[WHAT TO WORK ON] Below are the entries. Transcribe exactly the lines from the one with "Little girl, holding" through the one with "Шрифт marker русский.", ends included, and leave out all others.

[MATERIAL FOR THIS TASK]

= Beginning of Section =

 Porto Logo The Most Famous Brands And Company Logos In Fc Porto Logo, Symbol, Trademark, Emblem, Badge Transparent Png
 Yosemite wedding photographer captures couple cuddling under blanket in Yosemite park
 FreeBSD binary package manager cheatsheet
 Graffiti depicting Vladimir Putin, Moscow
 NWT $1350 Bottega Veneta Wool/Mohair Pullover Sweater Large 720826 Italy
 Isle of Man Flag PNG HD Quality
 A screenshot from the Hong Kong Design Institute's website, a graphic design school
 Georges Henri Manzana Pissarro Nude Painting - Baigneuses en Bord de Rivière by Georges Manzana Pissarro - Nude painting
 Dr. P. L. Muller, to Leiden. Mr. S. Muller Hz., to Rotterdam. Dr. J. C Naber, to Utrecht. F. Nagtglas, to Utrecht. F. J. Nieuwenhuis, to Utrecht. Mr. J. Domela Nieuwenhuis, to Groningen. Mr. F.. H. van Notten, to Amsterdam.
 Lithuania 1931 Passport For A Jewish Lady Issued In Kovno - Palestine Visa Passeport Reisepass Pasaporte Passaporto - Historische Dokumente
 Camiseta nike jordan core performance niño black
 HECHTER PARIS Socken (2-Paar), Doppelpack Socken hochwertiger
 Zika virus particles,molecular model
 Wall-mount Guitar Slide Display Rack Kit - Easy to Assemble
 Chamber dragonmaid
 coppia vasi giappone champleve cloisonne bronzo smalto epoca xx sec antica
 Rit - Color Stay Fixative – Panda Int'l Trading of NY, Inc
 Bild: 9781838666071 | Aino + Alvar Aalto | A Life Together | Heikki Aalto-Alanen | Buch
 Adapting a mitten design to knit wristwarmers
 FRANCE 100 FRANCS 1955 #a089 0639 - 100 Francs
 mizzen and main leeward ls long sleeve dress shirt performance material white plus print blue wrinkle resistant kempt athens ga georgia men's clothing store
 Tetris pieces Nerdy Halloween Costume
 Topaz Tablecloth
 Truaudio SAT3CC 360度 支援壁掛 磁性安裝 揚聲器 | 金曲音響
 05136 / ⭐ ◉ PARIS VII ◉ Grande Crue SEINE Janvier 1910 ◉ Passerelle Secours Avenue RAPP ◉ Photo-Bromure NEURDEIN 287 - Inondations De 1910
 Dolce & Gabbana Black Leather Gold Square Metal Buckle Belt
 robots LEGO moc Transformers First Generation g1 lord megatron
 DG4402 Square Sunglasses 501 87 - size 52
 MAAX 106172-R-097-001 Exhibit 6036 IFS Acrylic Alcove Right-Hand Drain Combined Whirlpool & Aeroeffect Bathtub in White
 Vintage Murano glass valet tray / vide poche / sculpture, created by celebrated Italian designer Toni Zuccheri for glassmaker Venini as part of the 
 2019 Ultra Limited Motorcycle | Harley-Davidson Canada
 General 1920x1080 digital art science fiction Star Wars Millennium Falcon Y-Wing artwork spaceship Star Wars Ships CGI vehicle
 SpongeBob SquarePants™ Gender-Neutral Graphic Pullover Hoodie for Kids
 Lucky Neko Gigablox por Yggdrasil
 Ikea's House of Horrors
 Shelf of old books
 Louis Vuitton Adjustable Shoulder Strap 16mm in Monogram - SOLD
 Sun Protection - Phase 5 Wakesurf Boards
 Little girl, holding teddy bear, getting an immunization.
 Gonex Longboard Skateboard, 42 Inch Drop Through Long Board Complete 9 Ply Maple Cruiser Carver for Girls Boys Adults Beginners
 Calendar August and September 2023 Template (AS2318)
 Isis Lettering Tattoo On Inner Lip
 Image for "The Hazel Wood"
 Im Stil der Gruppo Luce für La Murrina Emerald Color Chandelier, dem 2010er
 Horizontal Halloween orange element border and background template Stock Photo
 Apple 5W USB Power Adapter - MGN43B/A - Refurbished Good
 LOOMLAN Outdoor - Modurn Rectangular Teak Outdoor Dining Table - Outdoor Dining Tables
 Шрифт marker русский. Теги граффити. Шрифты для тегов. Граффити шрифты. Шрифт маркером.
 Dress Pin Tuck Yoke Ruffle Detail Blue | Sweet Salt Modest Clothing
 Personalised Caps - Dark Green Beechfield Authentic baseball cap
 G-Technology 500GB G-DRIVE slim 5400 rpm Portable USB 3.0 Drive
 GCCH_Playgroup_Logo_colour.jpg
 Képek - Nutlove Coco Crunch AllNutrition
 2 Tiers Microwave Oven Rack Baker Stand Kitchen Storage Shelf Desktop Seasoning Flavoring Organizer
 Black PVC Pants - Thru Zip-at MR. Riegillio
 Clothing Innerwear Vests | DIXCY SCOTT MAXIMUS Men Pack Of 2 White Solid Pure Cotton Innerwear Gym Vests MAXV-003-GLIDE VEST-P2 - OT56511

= End of Section =

[REPLY]
 Little girl, holding teddy bear, getting an immunization.
 Gonex Longboard Skateboard, 42 Inch Drop Through Long Board Complete 9 Ply Maple Cruiser Carver for Girls Boys Adults Beginners
 Calendar August and September 2023 Template (AS2318)
 Isis Lettering Tattoo On Inner Lip
 Image for "The Hazel Wood"
 Im Stil der Gruppo Luce für La Murrina Emerald Color Chandelier, dem 2010er
 Horizontal Halloween orange element border and background template Stock Photo
 Apple 5W USB Power Adapter - MGN43B/A - Refurbished Good
 LOOMLAN Outdoor - Modurn Rectangular Teak Outdoor Dining Table - Outdoor Dining Tables
 Шрифт marker русский. Теги граффити. Шрифты для тегов. Граффити шрифты. Шрифт маркером.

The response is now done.